- **Dataset excerpt**:
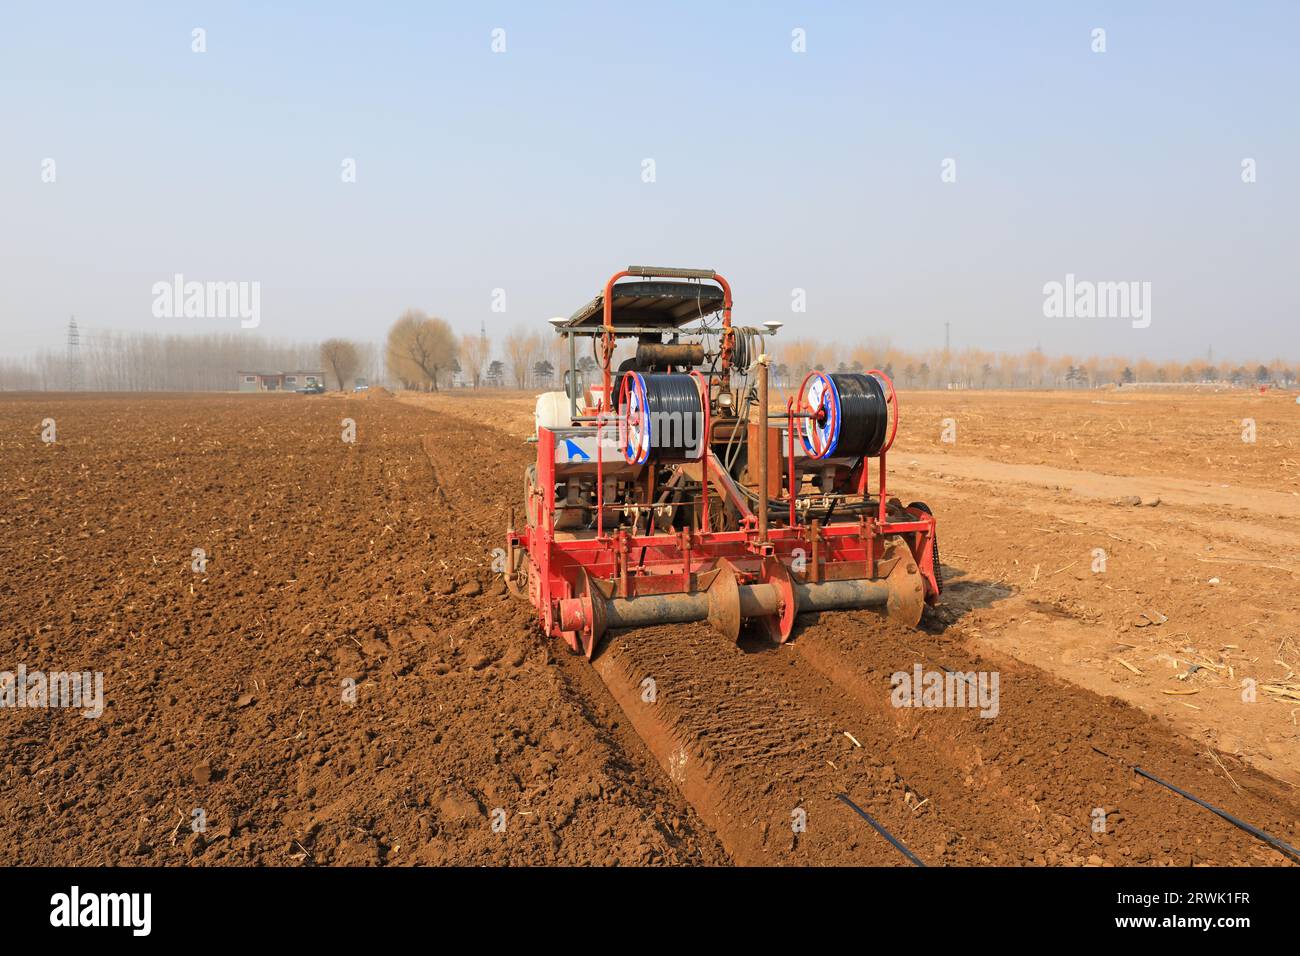 LUANNAN COUNTY, Cina - 9 marzo 2022: Gli agricoltori guidano macchinari agricoli per riordinare la terra e prepararsi a piantare cavolo cinese sul campo, NOR Foto Stock
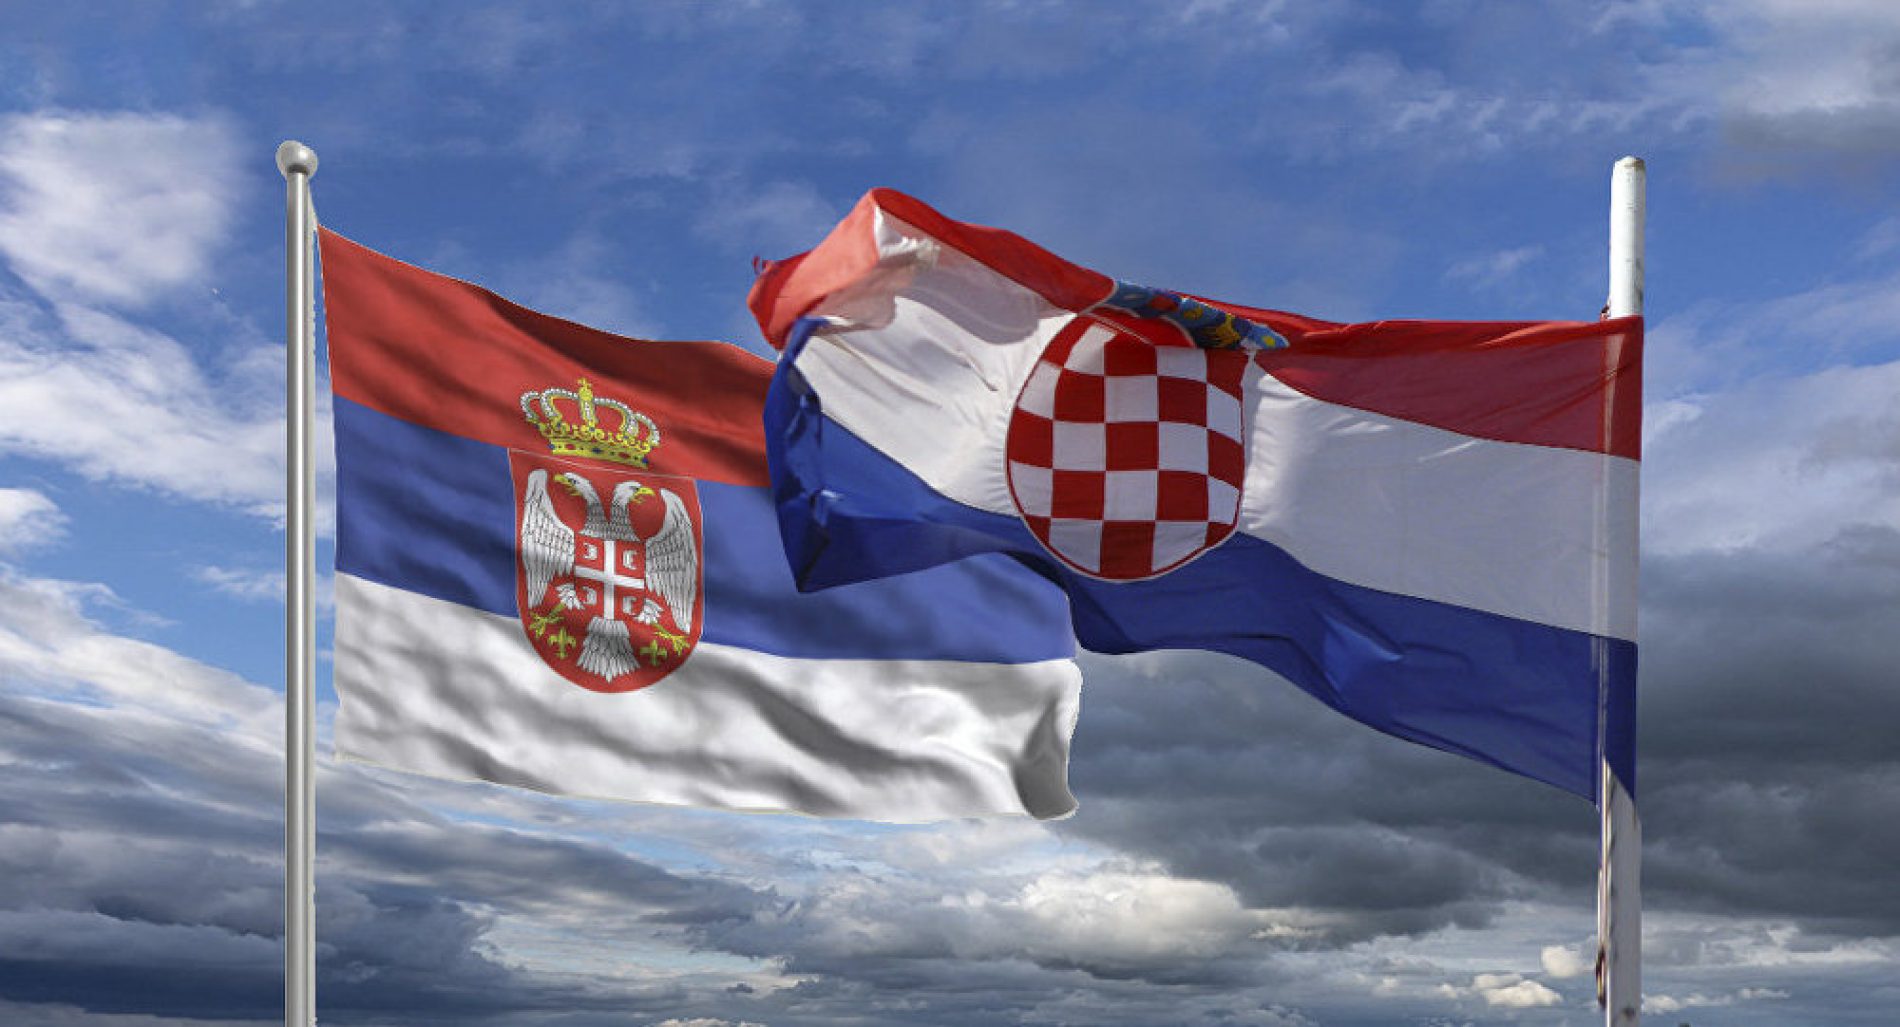 Najgluplje nacije! Hrvatska prva, Srbija peta prema anketi na portalu The Top Tens
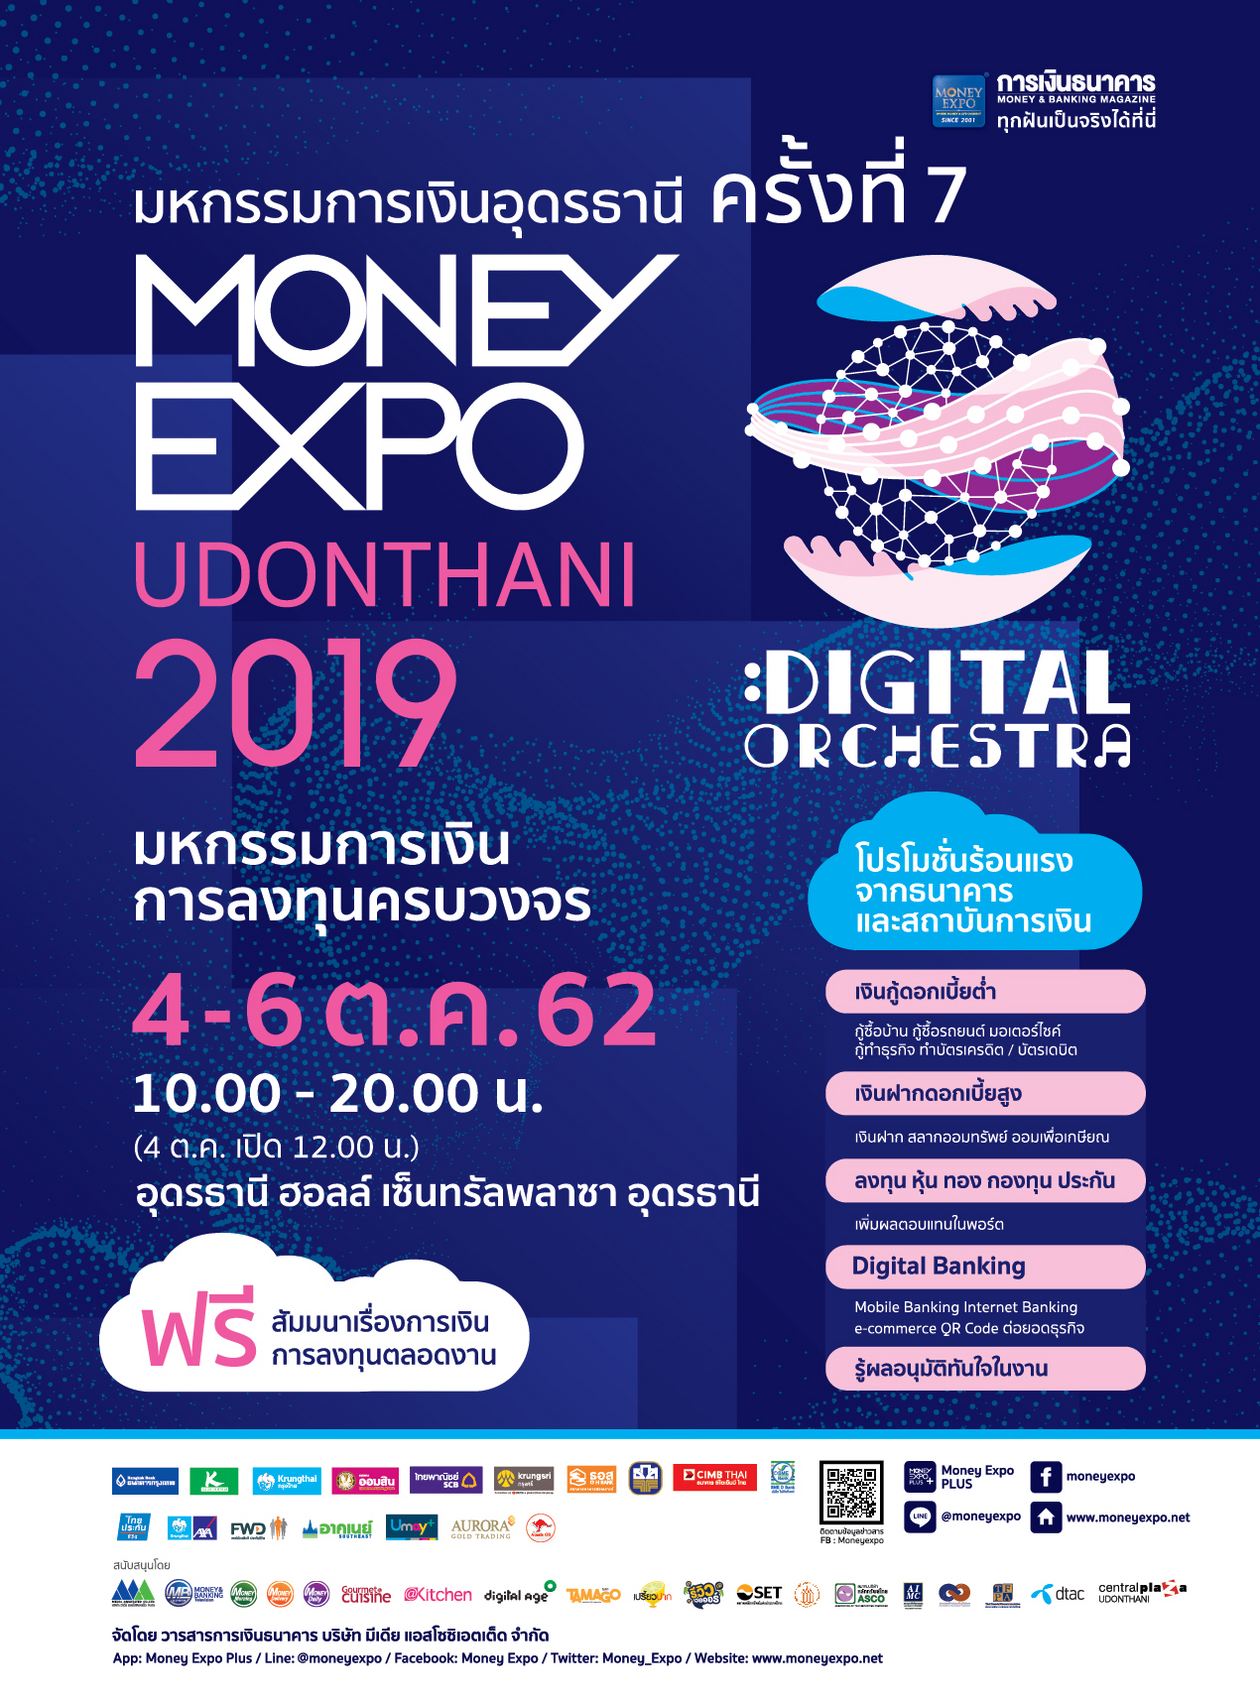 Money Expo Udonthani 2019

- **Work request**:
Write out exactly the lines from the line that contains "Najgluplje nacije! Hrvatska" to the last line of the material above, both included; pictures do not belong in the copy.

- **Completed task**:
 Najgluplje nacije! Hrvatska prva, Srbija peta prema anketi na portalu The Top Tens
 Money Expo Udonthani 2019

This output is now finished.